Start of DATA EXCERPTS

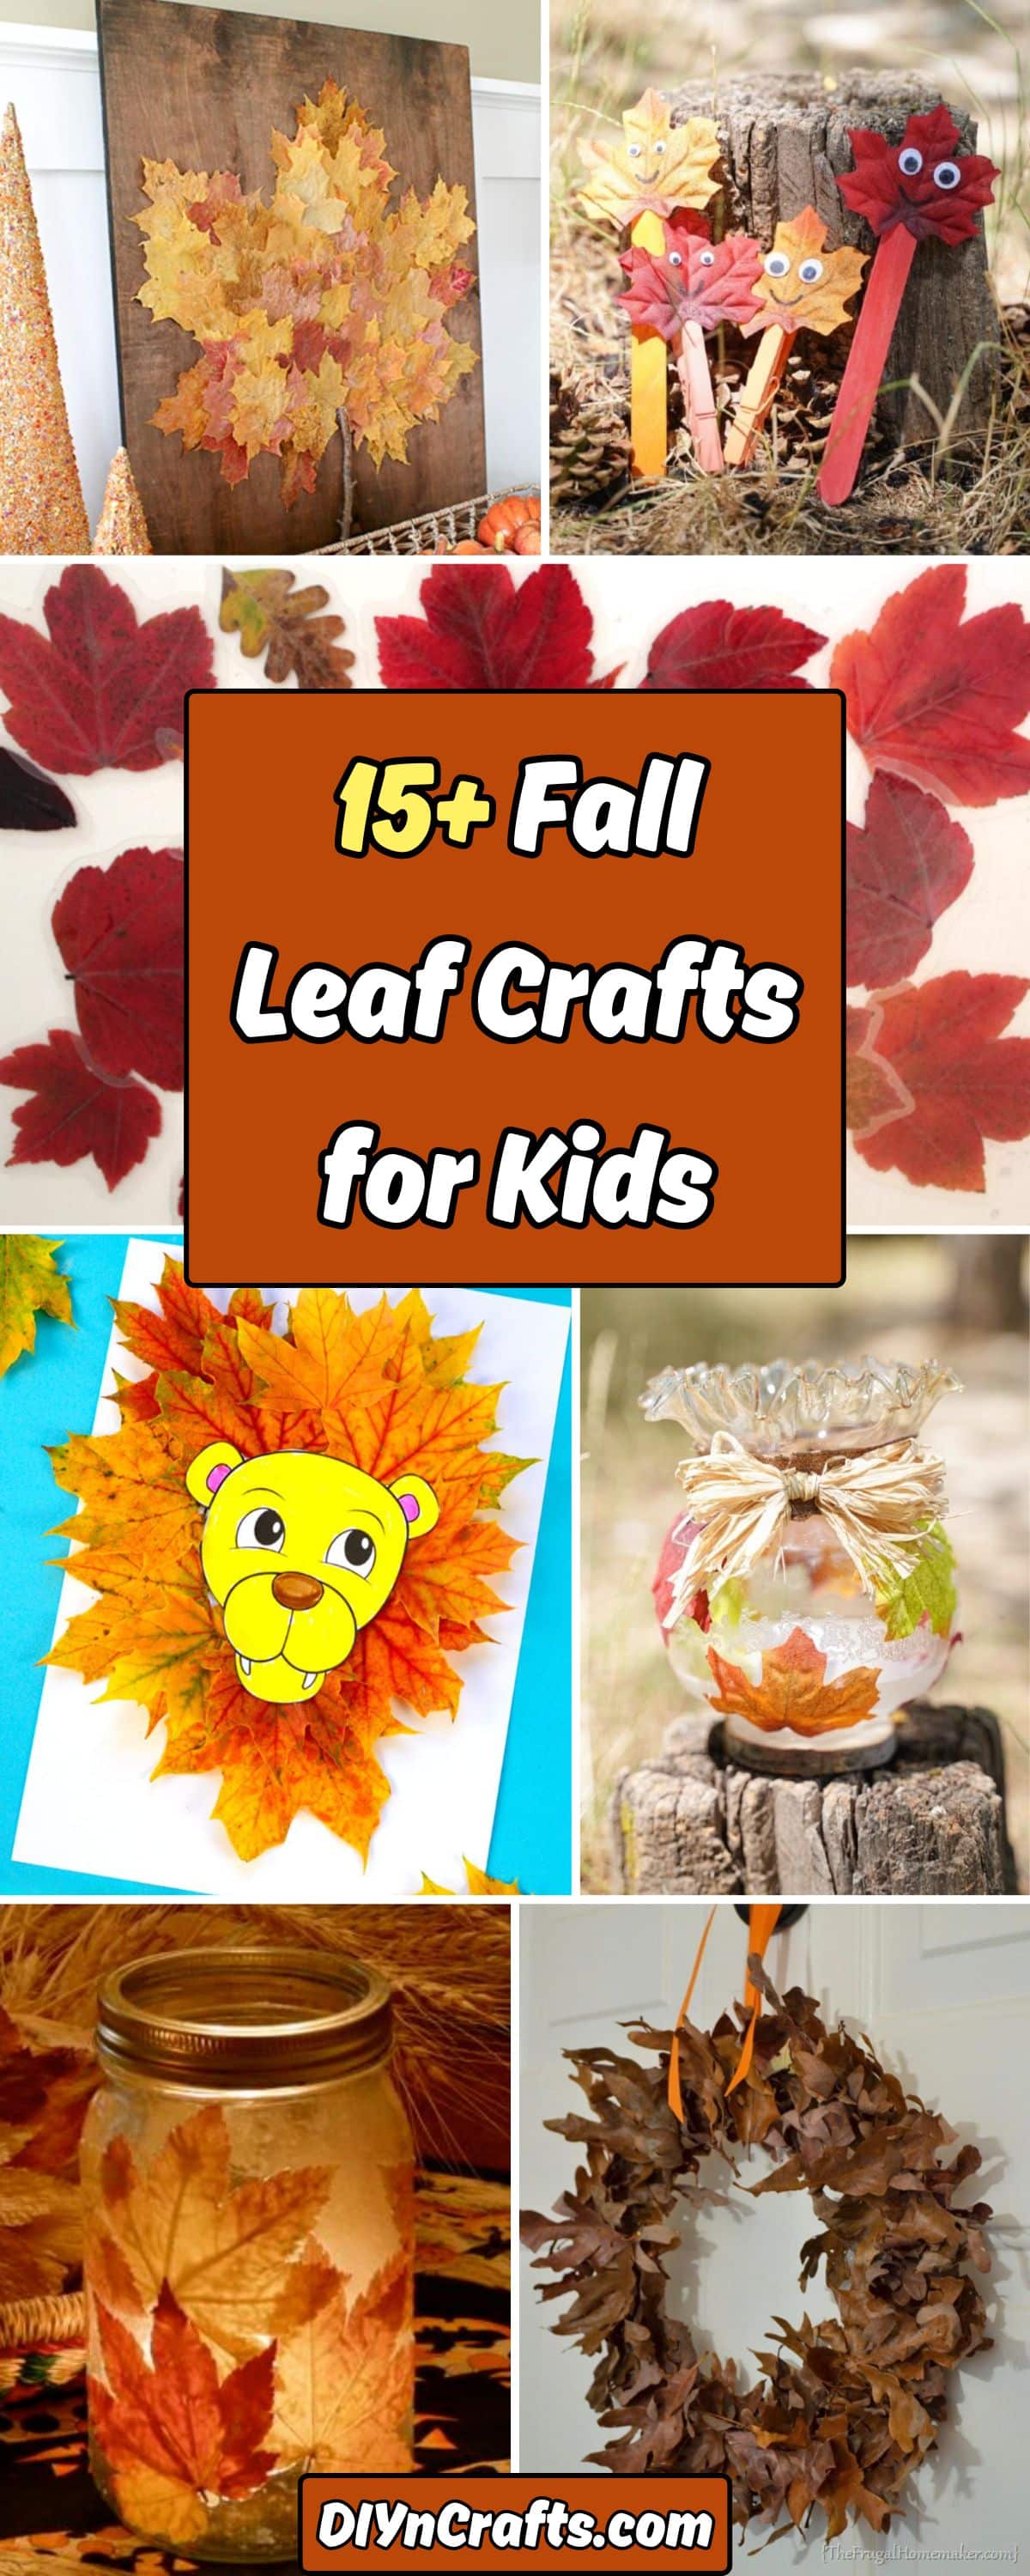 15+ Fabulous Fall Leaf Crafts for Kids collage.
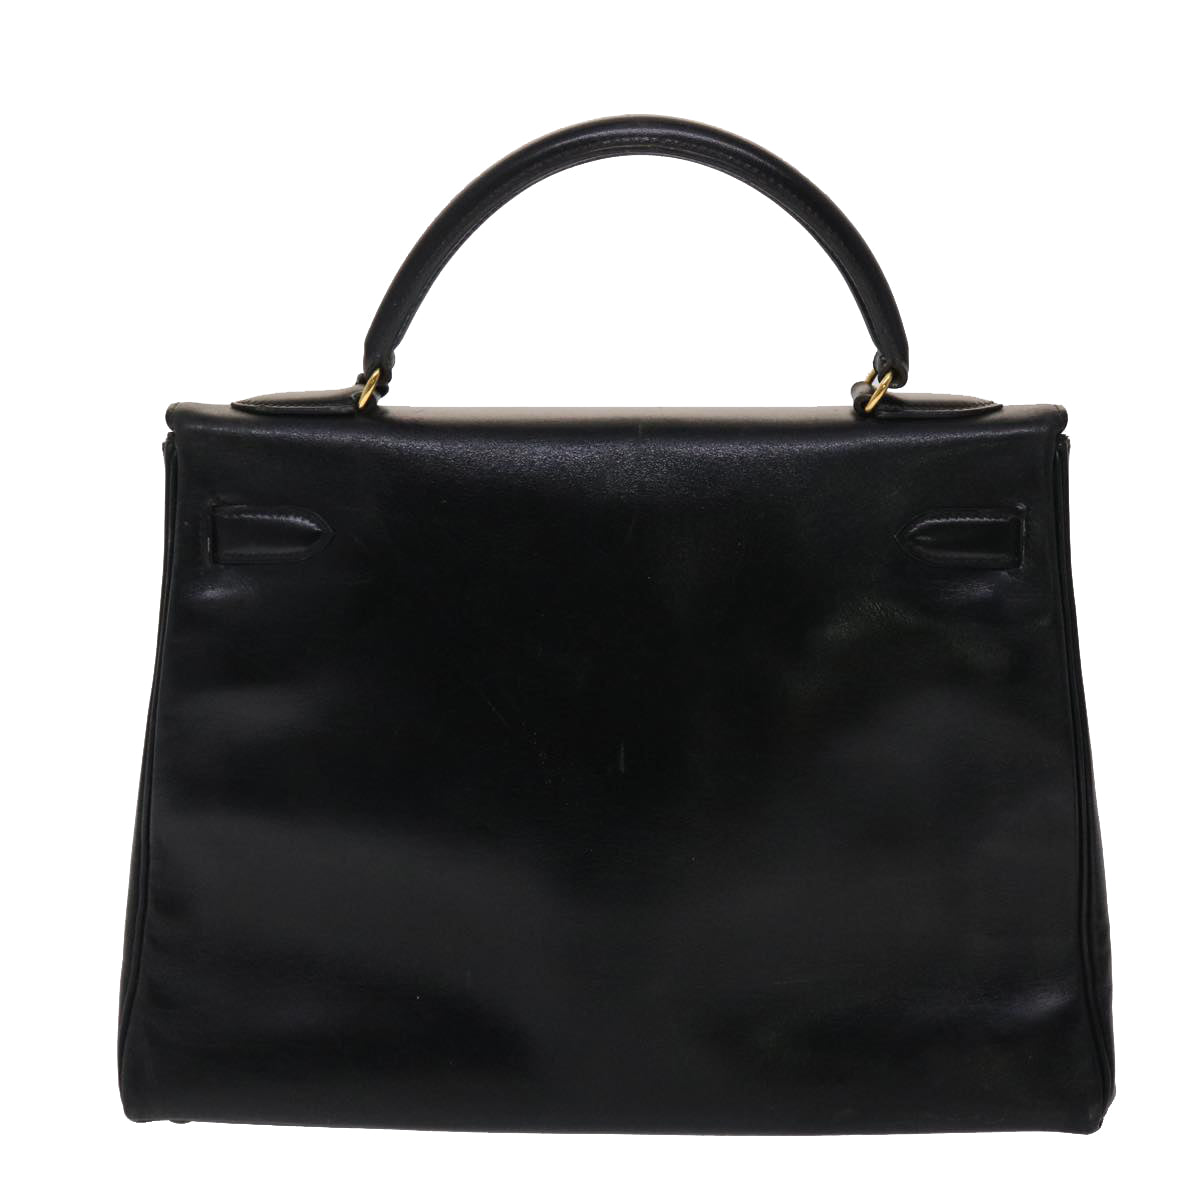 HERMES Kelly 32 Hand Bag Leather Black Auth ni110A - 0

End of DATA EXCERPTS
Start of DATA EXCERPTS

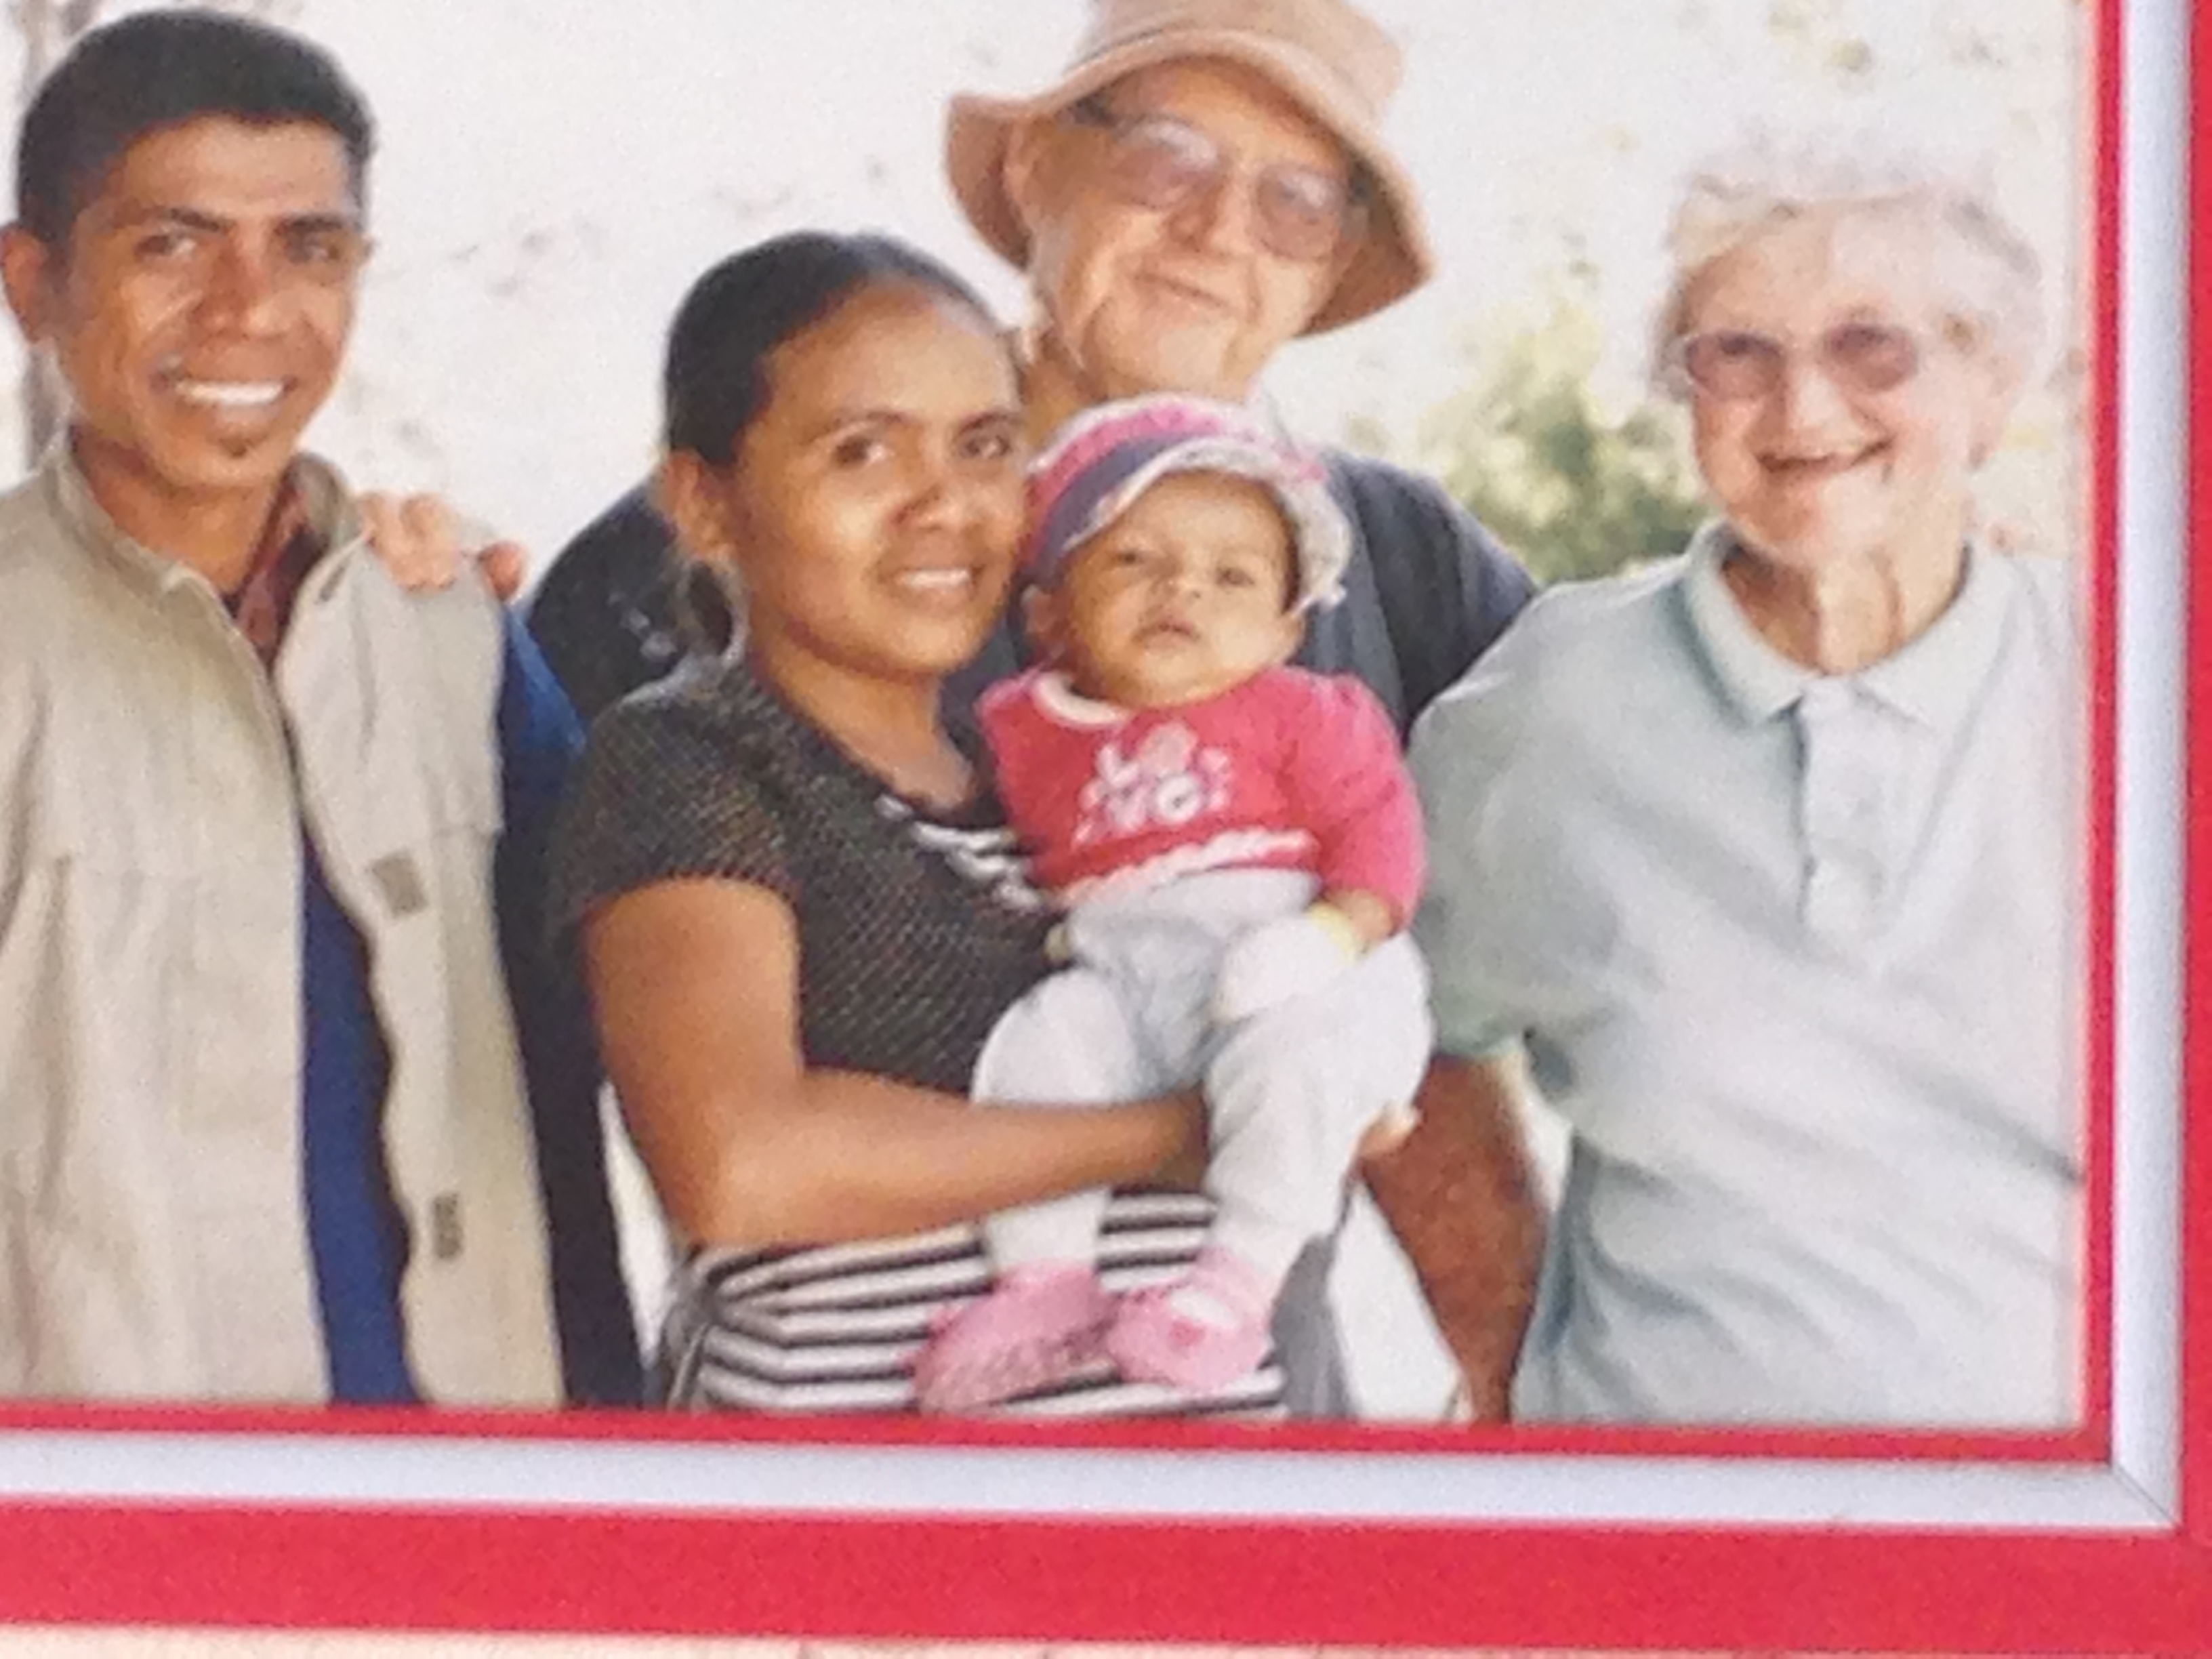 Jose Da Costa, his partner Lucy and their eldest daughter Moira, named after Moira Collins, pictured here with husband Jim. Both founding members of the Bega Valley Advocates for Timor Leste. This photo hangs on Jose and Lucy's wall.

End of DATA EXCERPTS
Start of DATA EXCERPTS

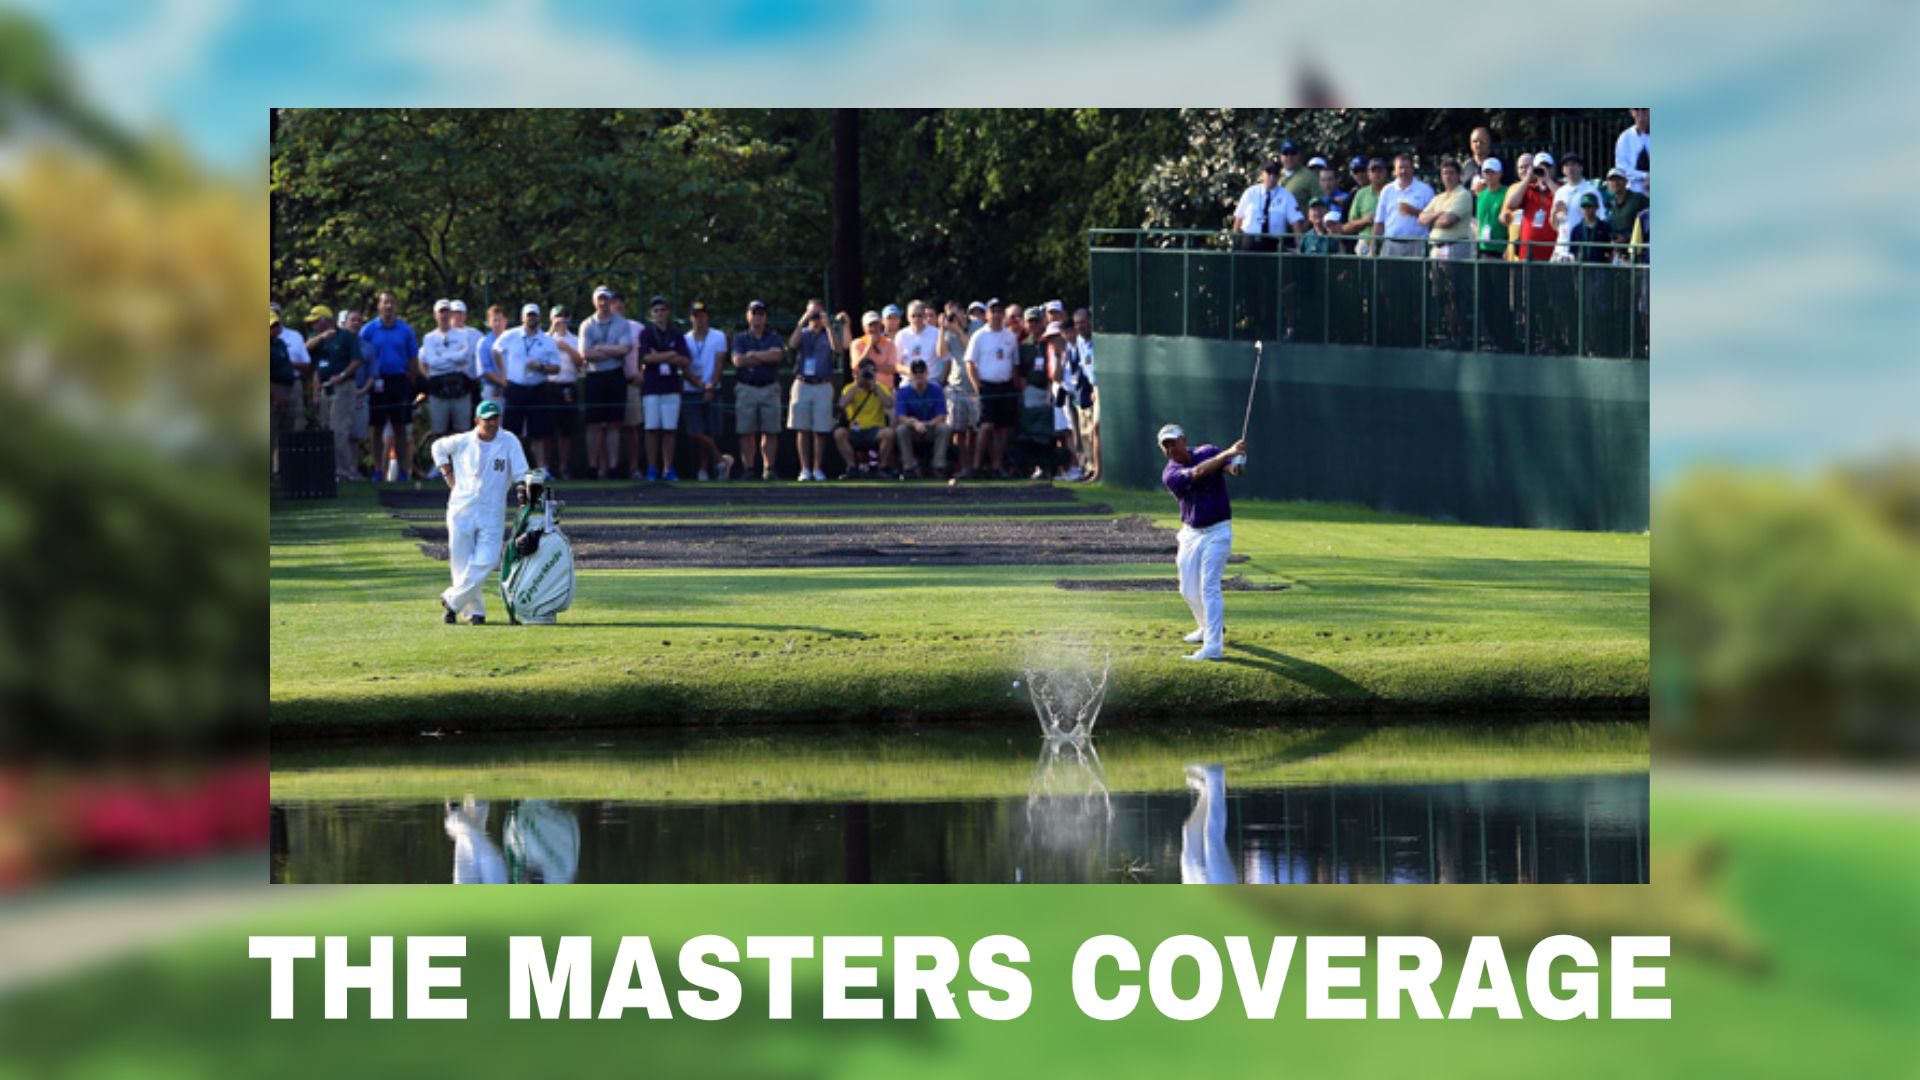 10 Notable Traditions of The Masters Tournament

End of DATA EXCERPTS

WORK TO BE COMPLETED: Look through the material above. Transcribe exactly the lines between the ones with "15+ Fabulous Fall" and "HERMES Kelly 32", inclusive, and keep pictures out.

SOLVED EXERCISE:
 15+ Fabulous Fall Leaf Crafts for Kids collage.
 HERMES Kelly 32 Hand Bag Leather Black Auth ni110A - 0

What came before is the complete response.